To begin with, the first step to user creation is an entry in the /etc/passwd, which holds basic user information in seven colon-separated columns per unique user row:

  1. Username – limited to around 1-32 characters on most distributions
  2. Password – stored hashed, where x means the actual hash should be in /etc/shadow
  3. User ID – unique numeric value
  4. Group ID
  5. User information – comma-delimited fields for additional free-text data
  6. Home directory – absolute path
  7. Command or shell – run on login

When editing /etc/passwd directly, it’s best to use a tool like vipw. Essentially, vipw locks /etc/passwd just like visudo does for the /etc/sudoers file. Importantly, vipw doesn’t automatically check the syntax after any edits.

Let’s append the following line with vipw for our new user baeldung:

$ vipw
[...]
baeldung:x:1010:1010:,,,:/home/baeldung:/bin/bash
[...]
You have modified /etc/passwd.
You may need to modify /etc/shadow for consistency.
Please use the command 'vipw -s' to do so.

Here, we make up the user and group ID numbers but ensure they are unique.
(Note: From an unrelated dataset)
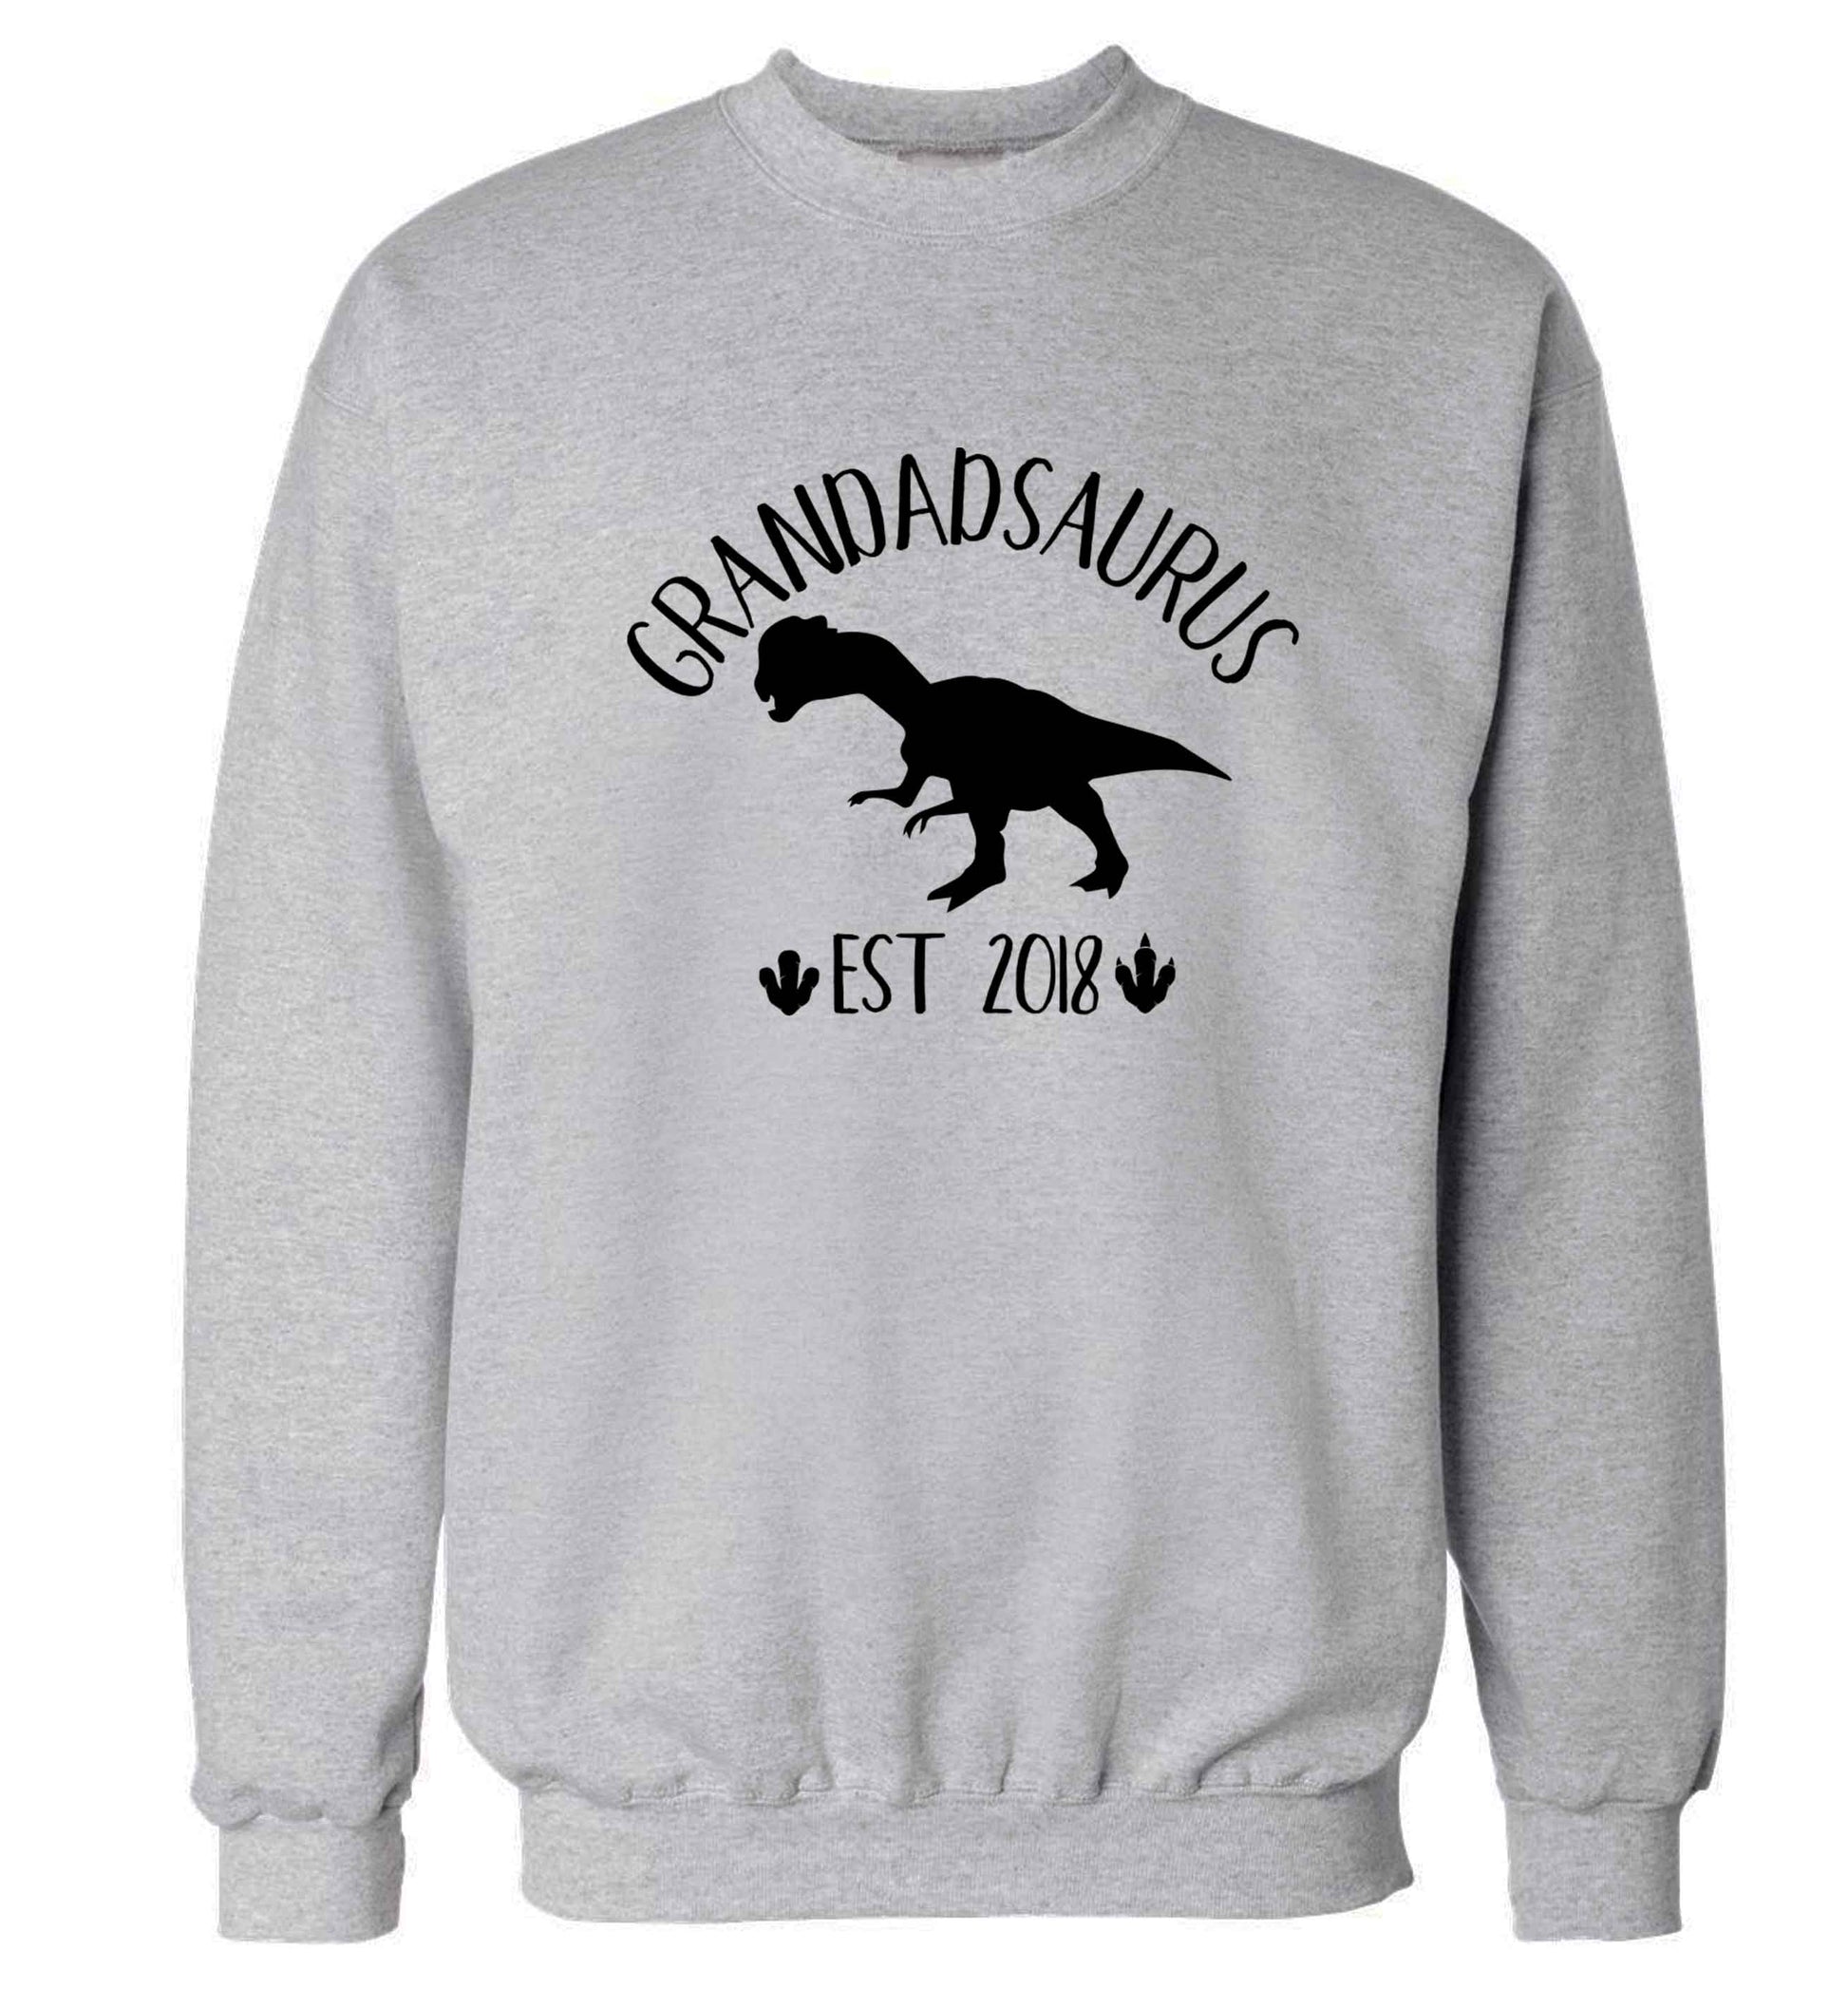 Personalised grandadsaurus since (custom date) Adult's unisex grey Sweater 2XL

Despite the warning telling us we need to add the necessary changes to /etc/shadow, we do that in the end for security reasons.

4. /etc/group

Since we added a made-up group ID for our user to /etc/passwd, we should now configure an actual group that matches it.

To do so, we turn to the /etc/group file. It contains a list similar to /etc/passwd but with only four colon-separated columns per unique group row:

  1. Group name – limited to around 1-32 characters on most distributions
  2. Password – stored hashed, where x means the actual hash should be in /etc/gshadow
  3. Group ID – unique numeric value
  4. List of comma-separated user names

Similar to the case with /etc/passwd, it’s recommended to edit /etc/group via the -g or –group flag to vigr, a symbolic link alias of vipw.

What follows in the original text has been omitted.